You also control which audio touches which infrastructure. Medical transcription companies that build on engine-layer APIs can make specialty accuracy and data handling their point of differentiation.
Choosing a path that holds up in production
At clinical scale, the right choice depends on volume and how much control your compliance posture requires. Buy for speed, and build on an engine when unit economics and infrastructure control matter most. Whichever path you pick, the payoff that matters is the same: documentation that holds up clinically and gives clinicians their time back.
For small practices
Low volume paired with high-stakes documentation still favors legacy medical transcription companies. This model remains useful when document quality matters more than turnaround speed or integration flexibility.
For health systems
A finished AI scribe reduces time-to-value when you're deploying ambient documentation at scale. It gets documentation workflows live faster, even if you give up some control over accuracy tuning and data handling.
For product teams
When transcription is a core capability of the product you're building, a speech engine gives you the unit economics and architectural control that production demands.
Next steps
If transcription is part of your product, test your own audio before you commit to an architecture. With Deepgram, you can try Keyterm Prompting on your clinical vocabulary and check self-hosted deployment against your data-residency needs.

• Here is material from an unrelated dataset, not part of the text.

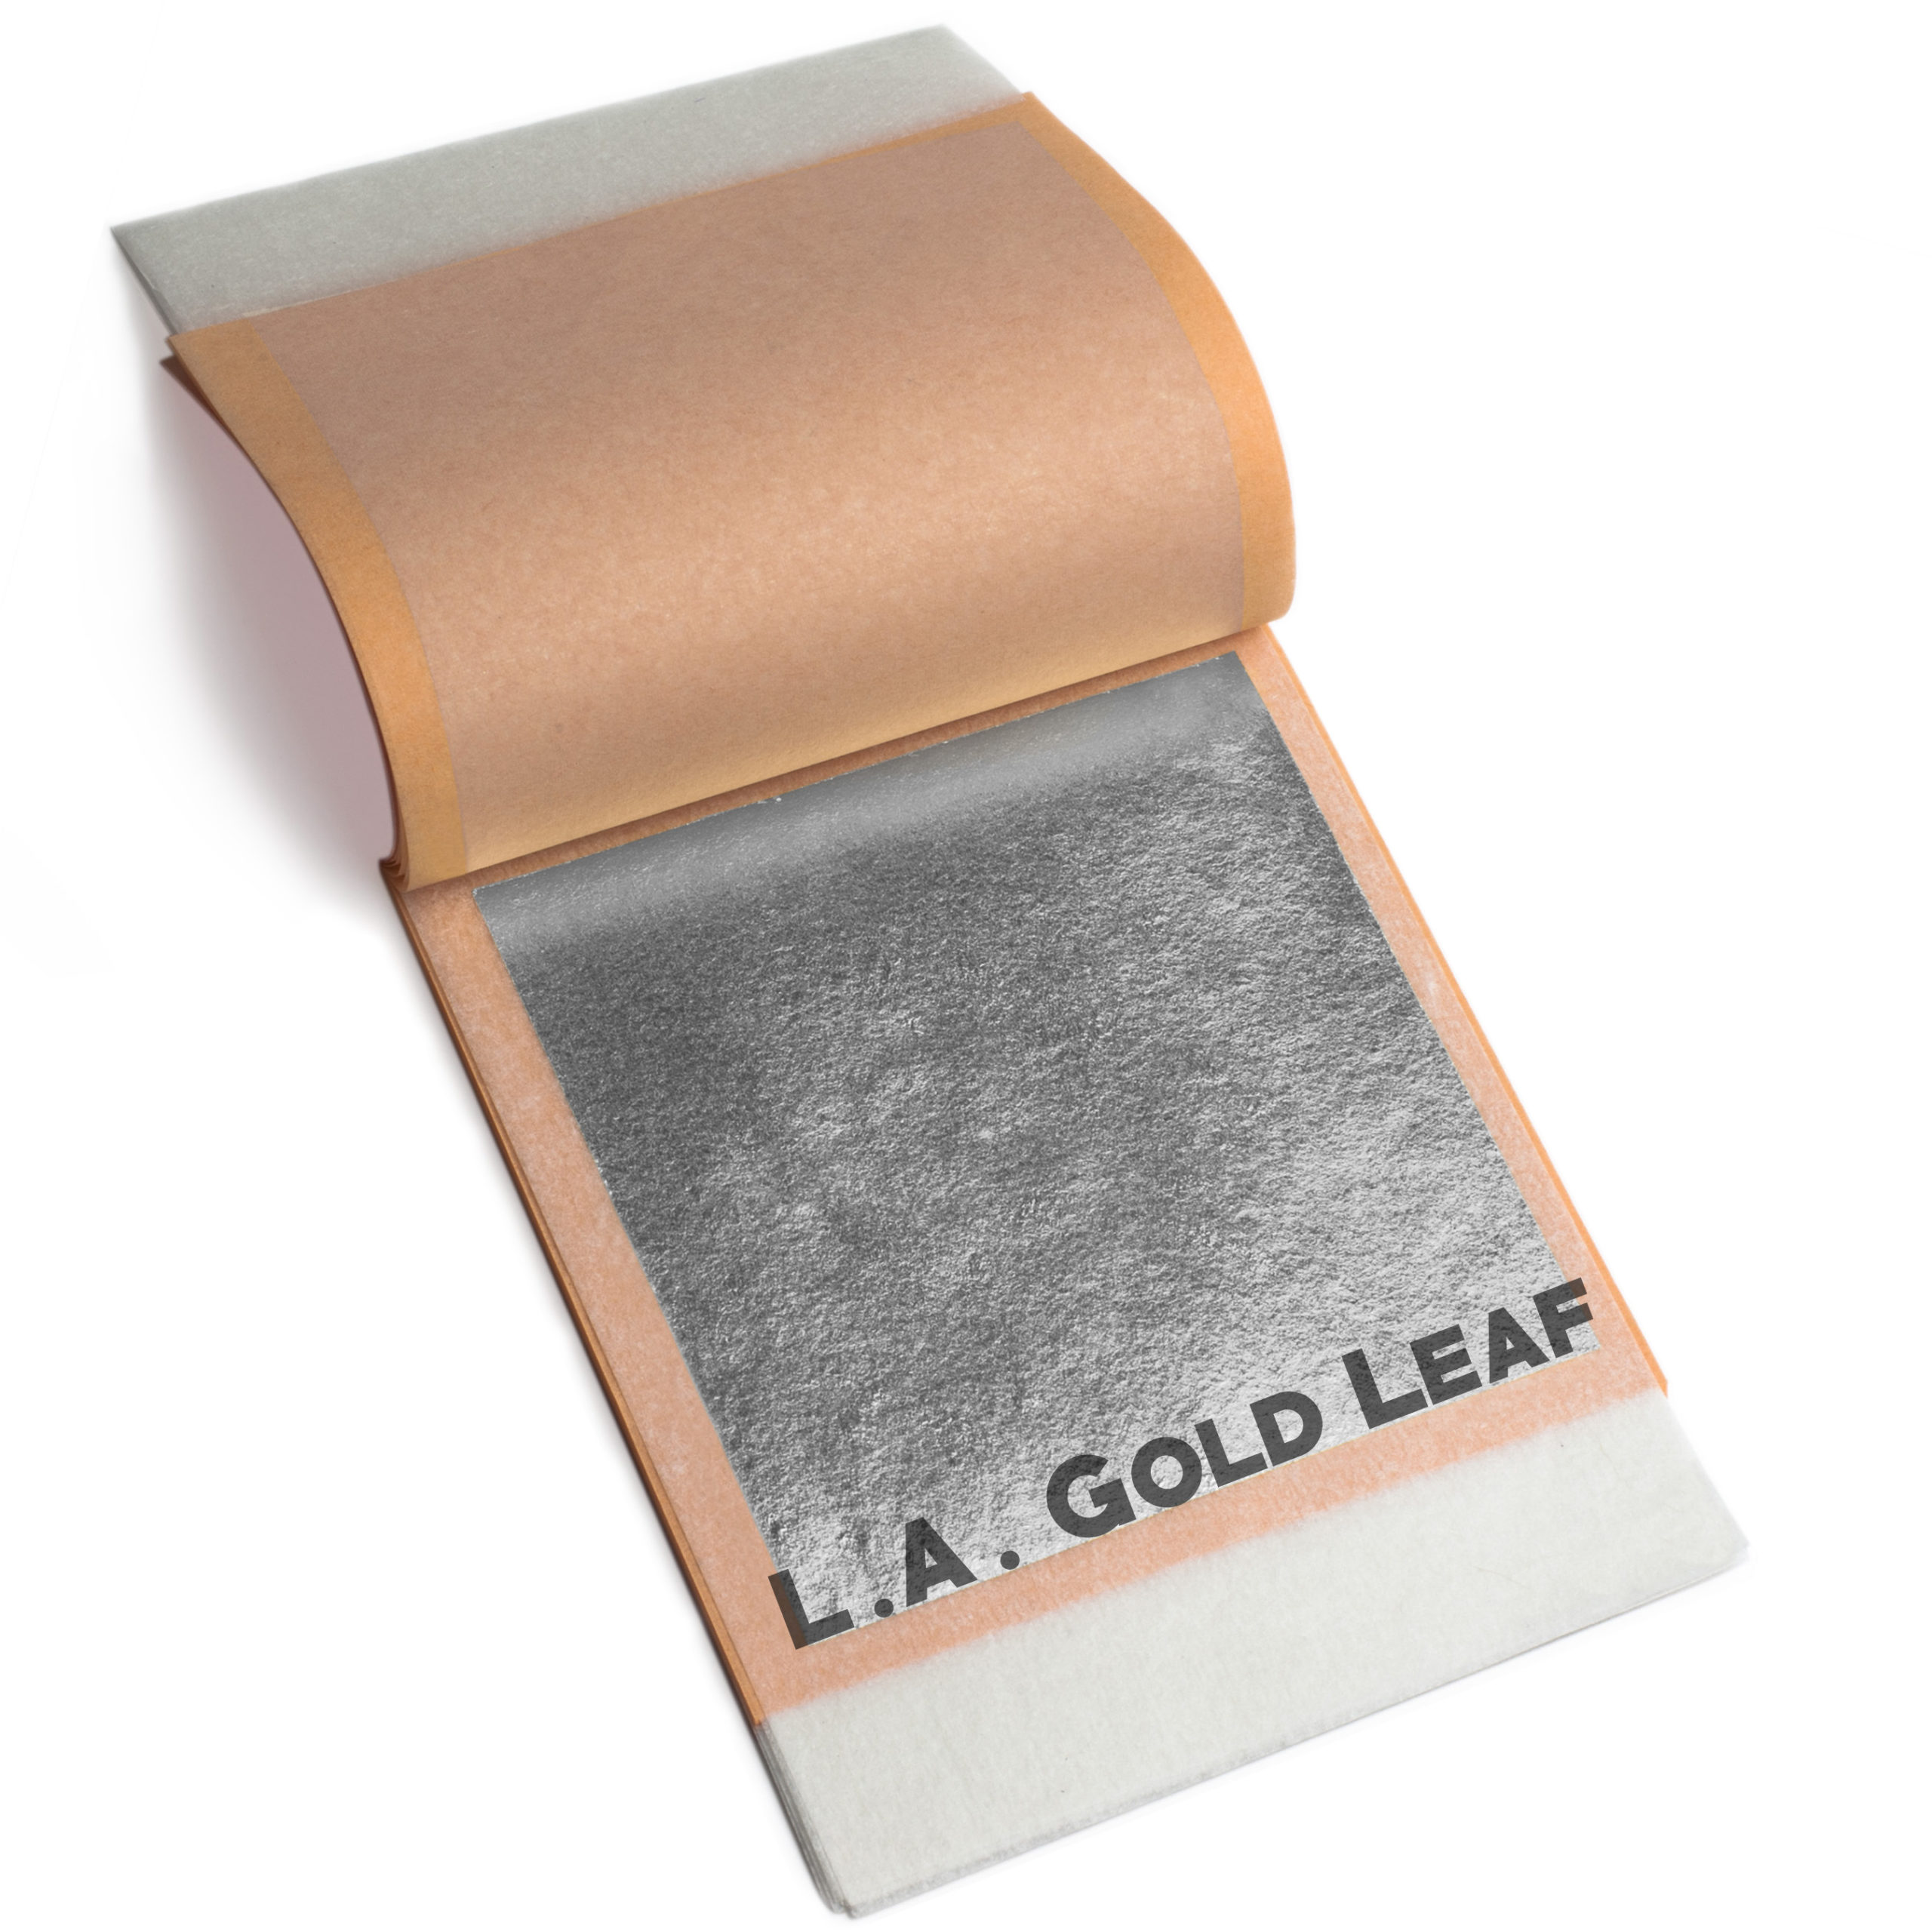 Imitation Gold or Silver Leaf & Adhesive Pack - Kit 500
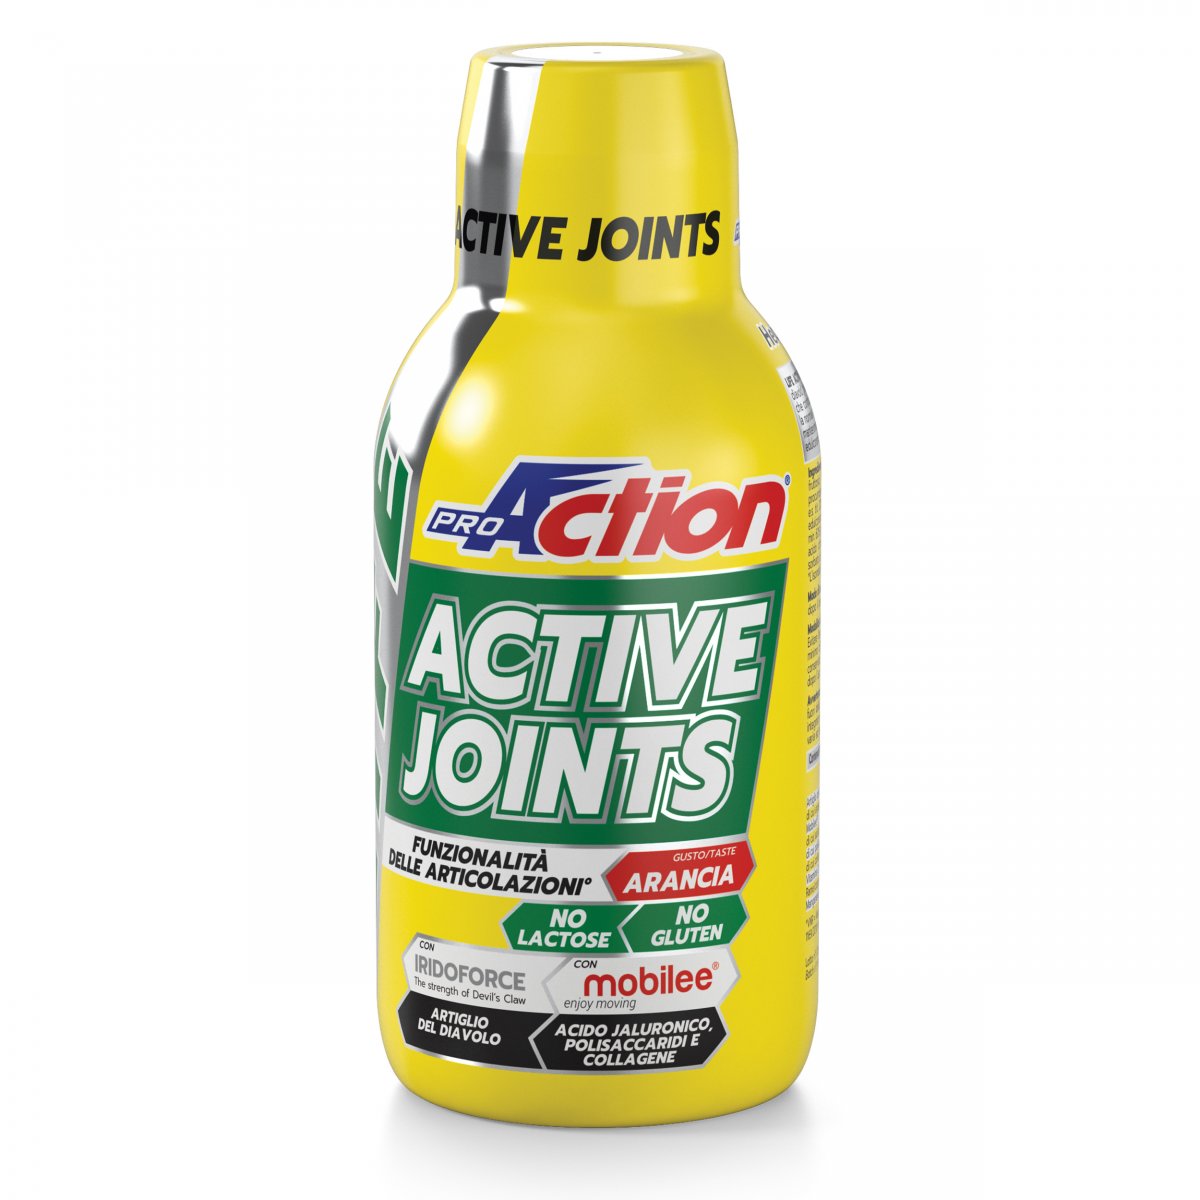 Active Joints

Sign up free with $200 in credits and compare your clinical audio against the API.
FAQ
Does switching from a legacy transcription service to AI mean changing your EHR?
Most speech-to-text APIs output structured text that you route to your EHR through existing HL7 or FHIR integration points.
What recording setup gives the most accurate clinical transcription?
Use a directional microphone close to the speaker. Lapel microphones or desk-mounted USB condensers outperform smartphone recordings and wearable badges.
How is medical transcription priced across the main models?
Pricing depends on the model. AI scribe products typically charge per encounter or per provider seat. Speech engine APIs charge per minute of audio processed.
Is medical transcription audio used to train the vendor's models?
This varies by vendor and contract terms. Your BAA should address whether PHI-containing audio can be used for model training.
Can you self-host medical transcription to keep audio on your own infrastructure?
Some speech engine providers offer self-hosted or on-premises deployment options. Deepgram supports cloud deployments, with self-hosted and private cloud configurations available.